[[ RECORDED DATA, beginning ]]
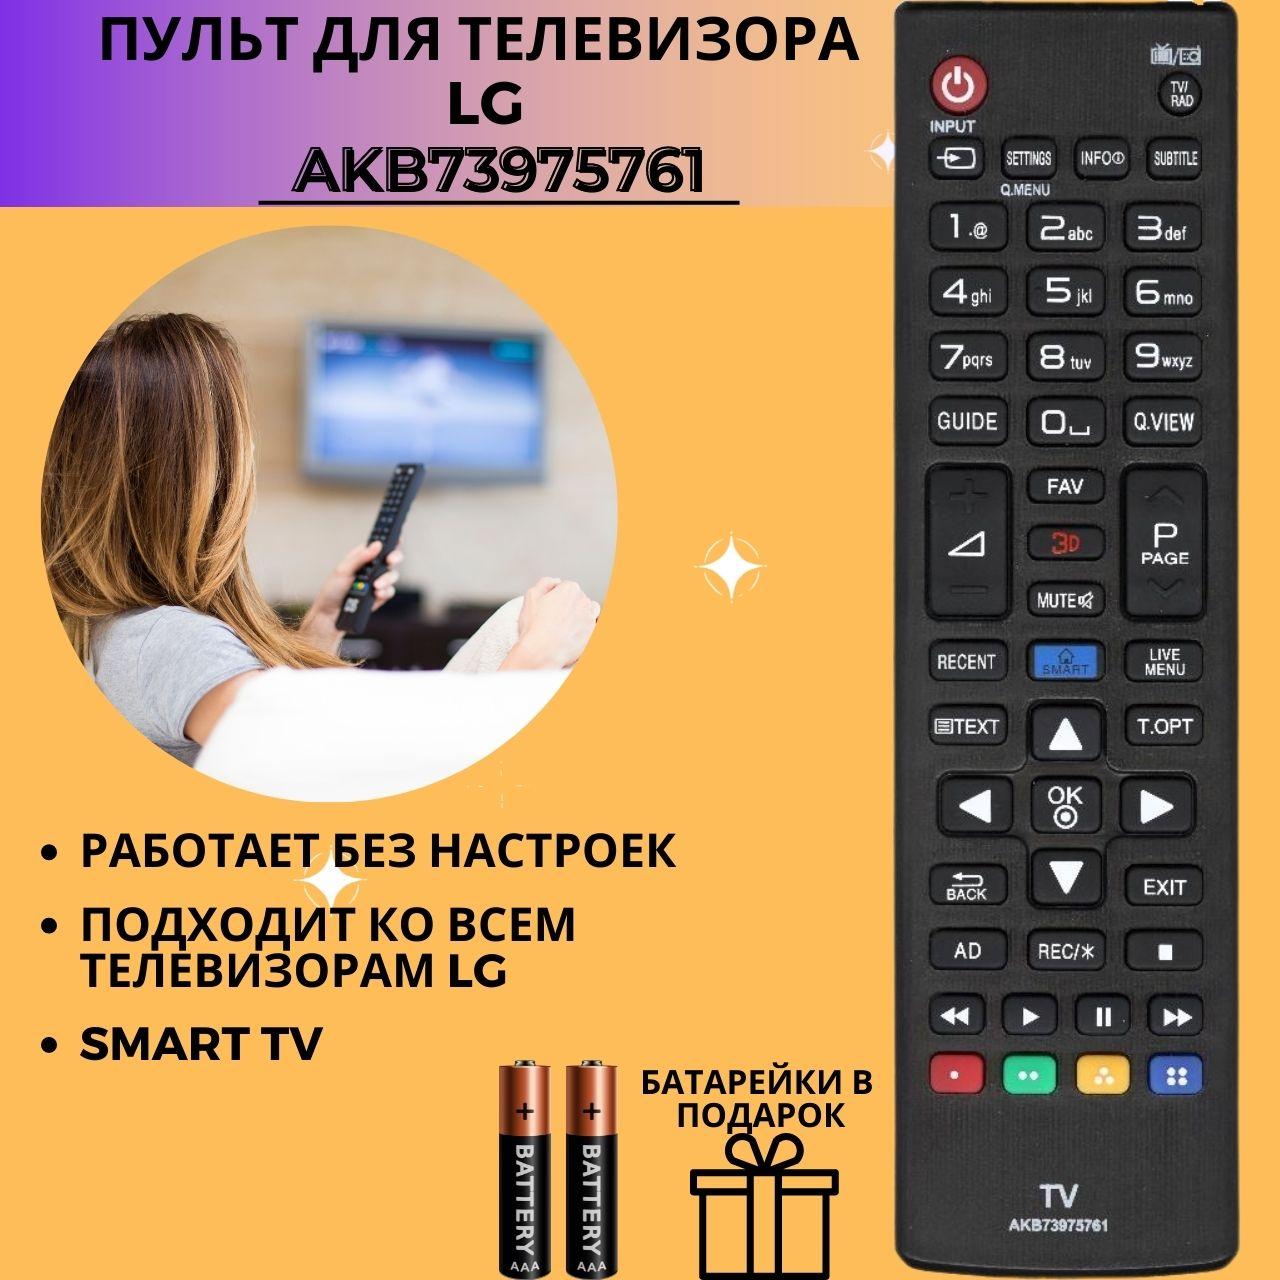 Пульт телевизионный LG AKB73975761 ic new 3D LCD TV SMART
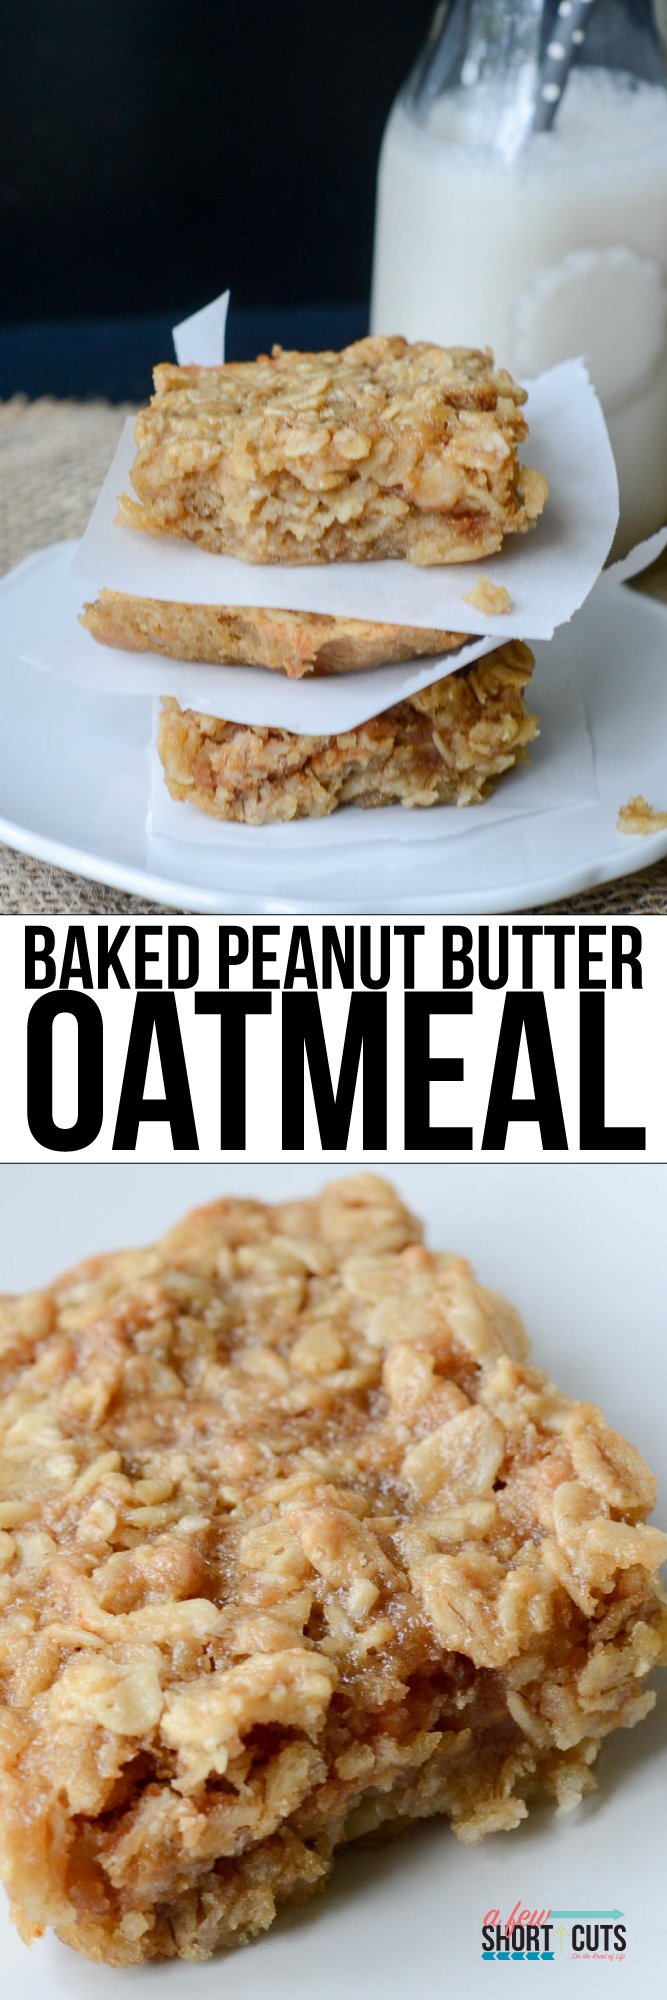 Baked-Peanut-Butter-Oatmeal-
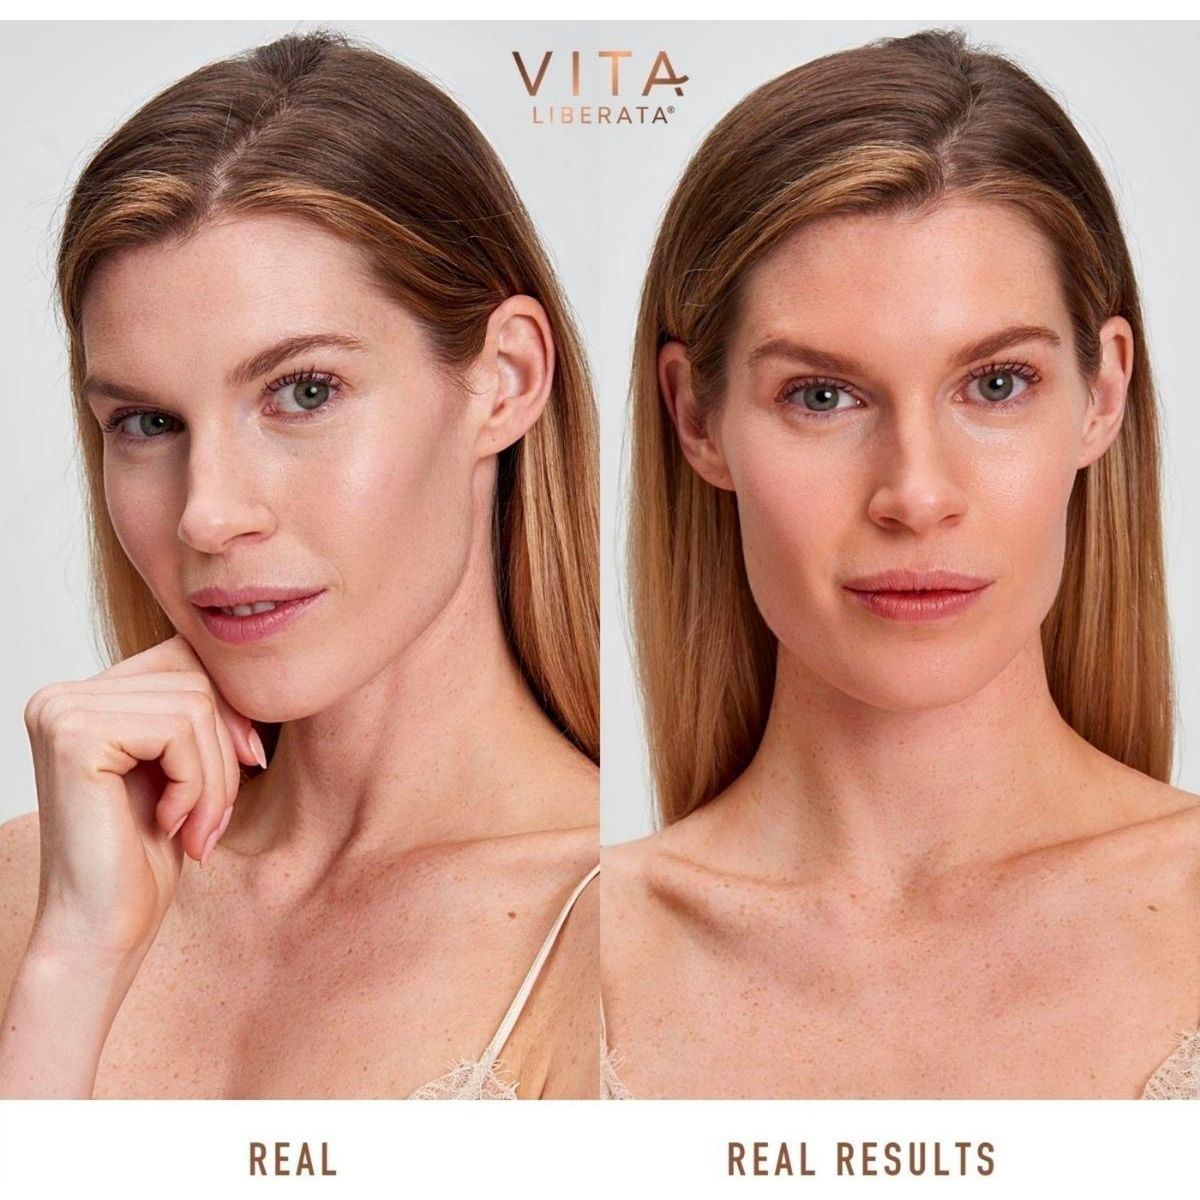 Vita Liberata | Anti-Age Face Tanning Serum | 15ml - DG International Ventures Limited
[[ RECORDED DATA, end ]]
YOUR GOAL:
Output the data above exactly. Drop every picture.

ANSWER FOR THE TASK:
 Пульт телевизионный LG AKB73975761 ic new 3D LCD TV SMART
 Baked-Peanut-Butter-Oatmeal-
 Vita Liberata | Anti-Age Face Tanning Serum | 15ml - DG International Ventures Limited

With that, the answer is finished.